Генерал расплывался в улыбке.

- Под быка! - дивился он. - Что-то ребята сплоховали? Не, не может быть, наши вологодские ребята всё же умеют отличить корову от быка.

- Так это ж частушка, Иван Степанович, - вставлял шофёр. - В ней иногда должно быть и не так, как в жизни, а наоборот.

- Наоборот - так наоборот, - неохотно соглашался Конев.

Теперь, видя усталость хозяина, Николай угрюмо молчал, да и скользкая заснеженная дорога забирала всё его внимание. Неожиданно метель кончилась. Когда проехали километра два без снега, Чуранов увидел, что на колее и по обочинам белели пятна, непохожие на снег.

Это его беспокоило.

Он не выдержал:

- Товарищ генерал, кажется, какие-то бумаги валяются?

Иван Степанович очнулся от сна, непонимающе взглянул на Чуранова, тот повторил вопрос.

- Остановись, - приказал начальник.

Шофер затормозил. Вышел из кабины, поднял несколько листков.

- Тьфу, мать их за ногу, - смачно сплюнул Чуранов, - листовки фашистские.

И подал одну генералу.

Иван Степанович пробежал глазами текст.

"От Торжка до Волочка не оставлю ни клочка!" - крупным шрифтом было набрано на листке, а внизу красовался призыв: "Солдаты и офицеры Красной армии!
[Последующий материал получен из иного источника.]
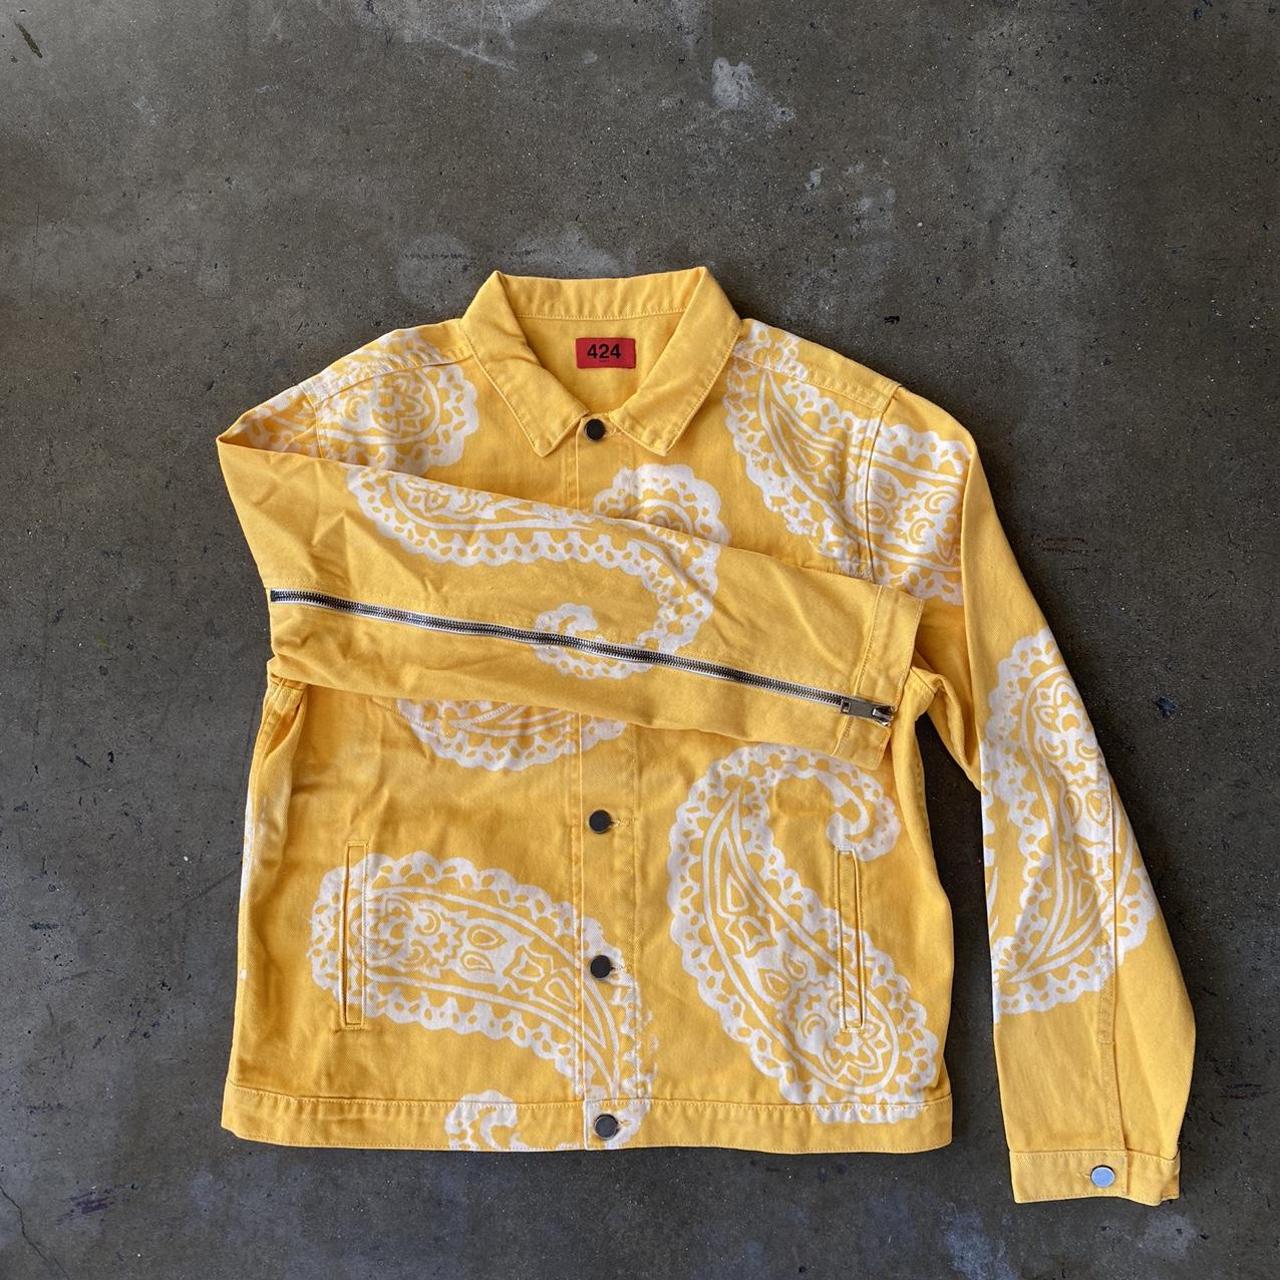 Product Image 2 - Yellow denim jacket with white

Переходите на сторону Германии". И две подписи: "Гитлер, Гудериан".

- На пару агитируют! - съязвил Конев. - Проклятые черти! Придёт час, от них самих не останется ни клочка. Вот увидишь, Николай!

- А такое будет, товарищ генерал? - вырвалось у Чуранова.
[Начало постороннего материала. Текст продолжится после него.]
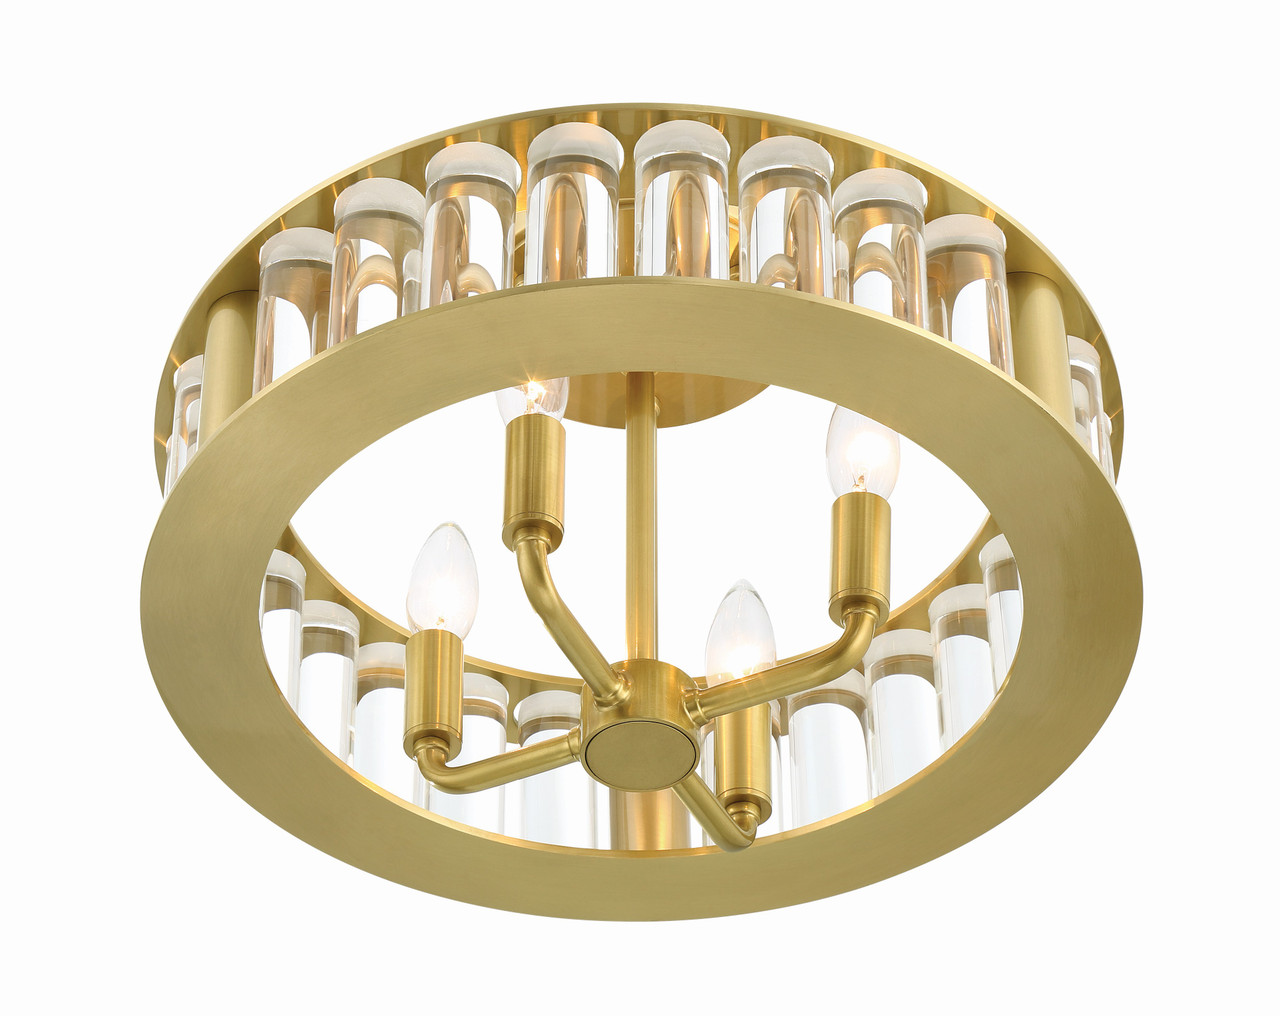 CRYSTORAMA FAR-6000-AG Libby Langdon for Crystorama Farris 4 Light Aged Brass Ceiling Mount

- Сомневаешься? - повысил голос Конев.

- Никак нет, товарищ генерал - поспешил водитель. - Я верю в победу!

- Так-то надёжней! - поддержал Конев.

Он бросил листовку на дорогу.

- Если не верить в победу, так и воевать незачем, - добавил генерал. - Так и будет, что от них не останется и клочка, ещё как будет!

Тем временем, пока Конев спешил к месту своего нового назначения, с обязательным заездом в Москву, танковые батальоны и дивизии того самого Гудериана, командующего 2-й танковой армией вермахта, от чьего имени разбрасывали листовки, продолжали идти в направлении на Москву. Это были самые жестокие бронированные подразделения фашистов. Находясь в крайнем раздражении от того, что "блицкриг" в России срывался, Гудериан отдавал приказы, неслыханные прежде ни в одной мировой войне.

Только некоторые из приказов генерала Гудериана:

1. Пленных не брать, всех расстреливать.

2. Все населенные пункты сжигать.

3. У военных и мирных жителей беспощадно отбирать тёплую одежду.

4. Разрушать и уничтожать памятники культуры.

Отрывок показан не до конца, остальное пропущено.